As I read Siemens achievement it is that 3D printing is now possible for full scale gas turbine blades as used in large power plants. However, it is only economic for prototyping that now take 1/10 the time. They still do not use 3D printing for mass fabrication of turbine blades.

Perhaps Siemens tech can also be used for developing large fans for supersonic electric aircrafts like for the vertical takeoff and landing aircraft Musk is talking about making one day. If they can do mark 2 I could imagine that the fan needs to rotates at speeds that make them very hot so it could be the same kind of alloy that is needed as for a gas turbine.


Could this technology be expanded to produce large wind mill blades with heating/defrost capabilities for operation in cold climates, snow and freezing rain?

Reduced mass production would be acceptable. Shape and design could be upgraded to max wind energy transfer, specially at lower wind speed/velocity.


I think there could be great economies in 3d printed turbines. Its like cars, the first one cost millions, the rest are for profit.

Think of what goes into the process of making it. powdered metal, possibly shielding gasses, and possibly some coolant VS machining an incredibly complex part one facet at a time with hundreds of separate operations and man hours making the one thing.

3d printed plastic is almost total waste (unless its highly complex), and anything metal that can be stamped out would be a waste (so much of the auto world).

The more complex the item is, the more likely they can make it profitable by 3d printing it.

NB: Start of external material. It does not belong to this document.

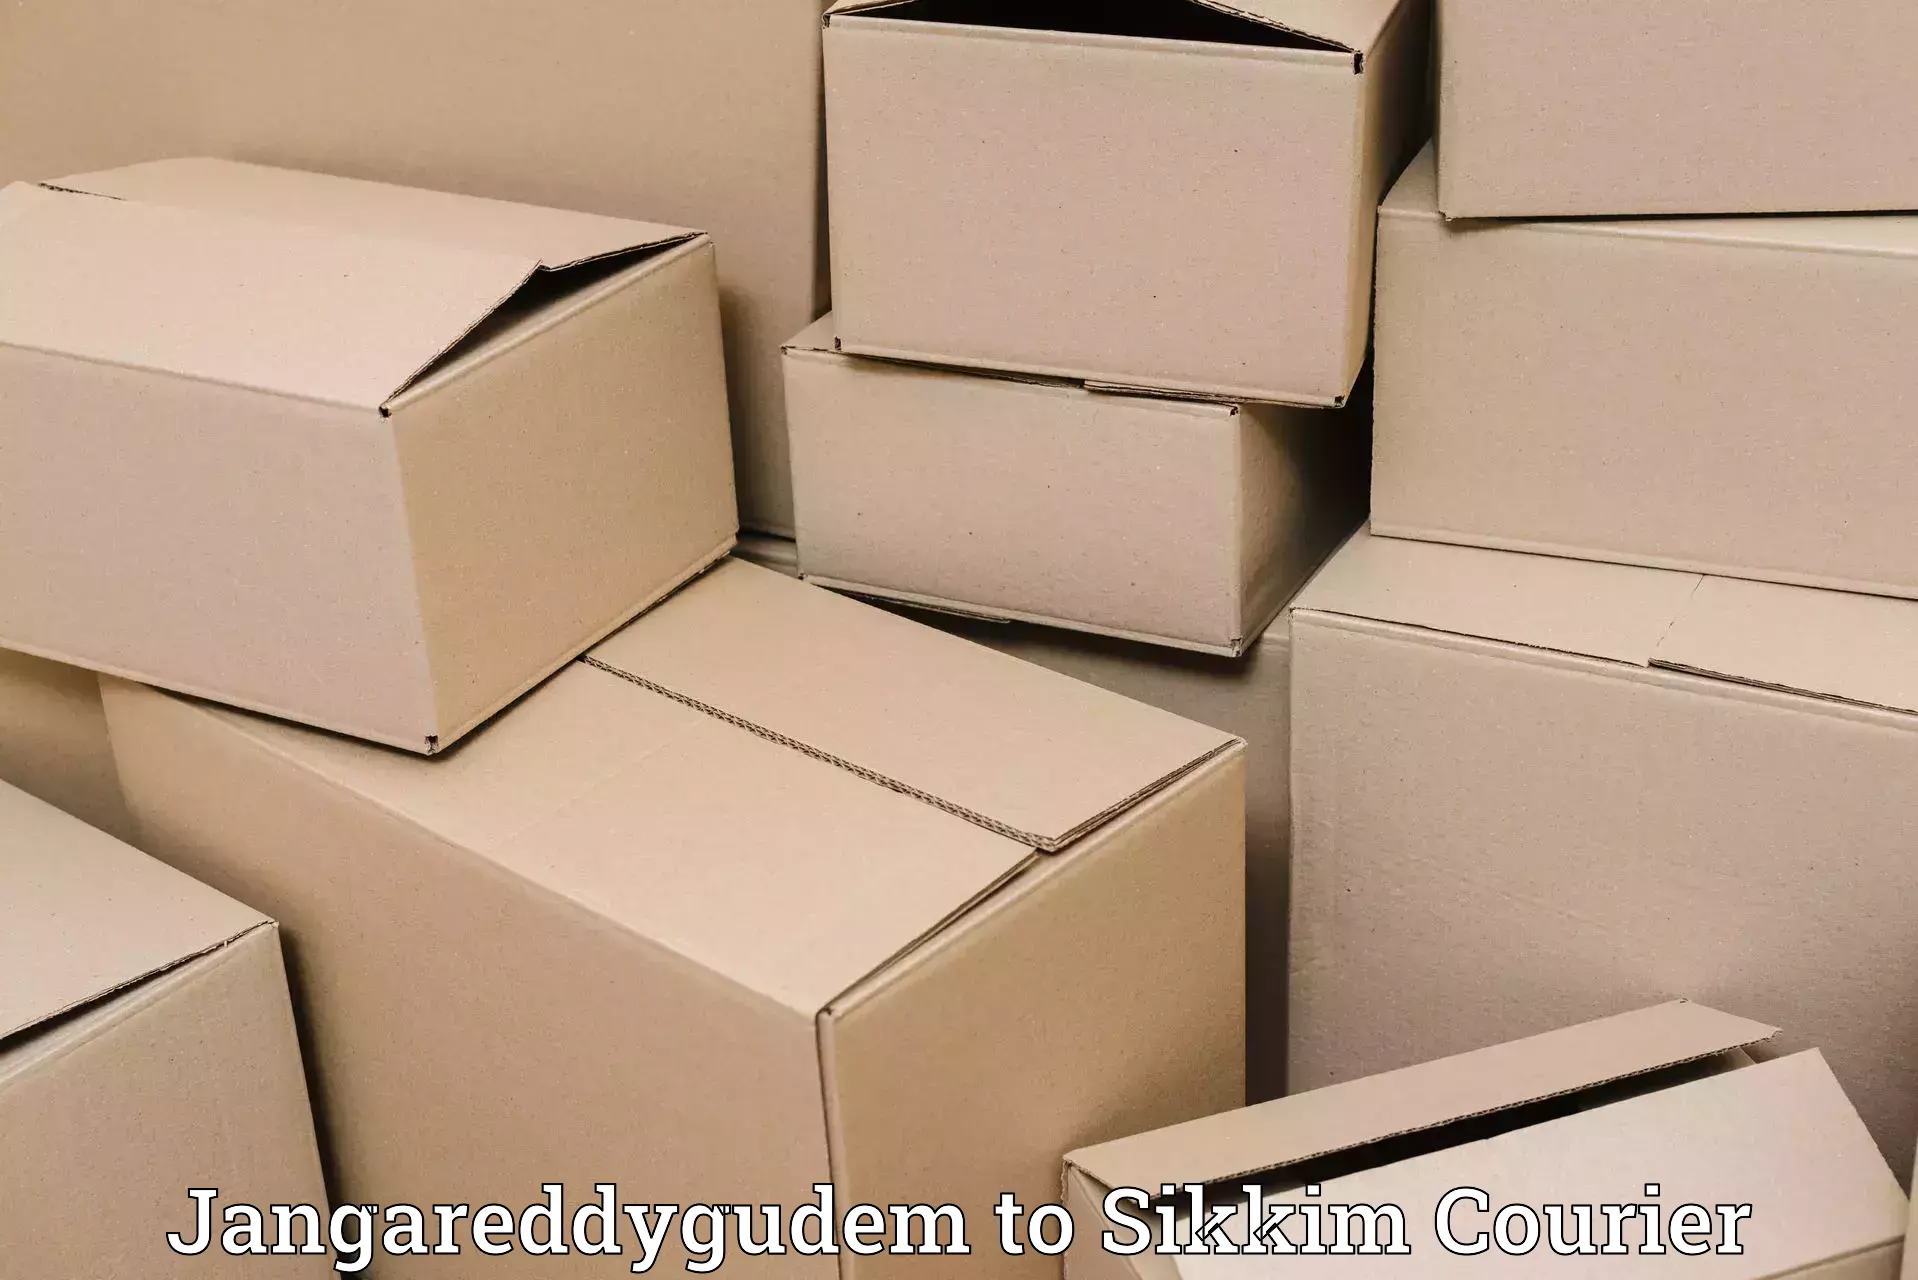 Global parcel delivery Jangareddygudem to North Sikkim

I see the turbine being something they could make good money on. That part is extremely complex, and would likely have been machined from some billet piece of metal. The one with the cooling design would have likely never been machined/ made without 3d.


I'd also wager that the fin showed here is cheaper to 3d print, and faster to 3d print than making it the conventional way.

You could invest in the 3d printers once, and use it across almost all of your product lines current and future. That to me sounds like a great investment. If they can control surface finish accurately with this additive tech then it is very precise.

if they can do this fin, basically they are saying to the world that 3d printing is now virtually limitless when it comes to metal.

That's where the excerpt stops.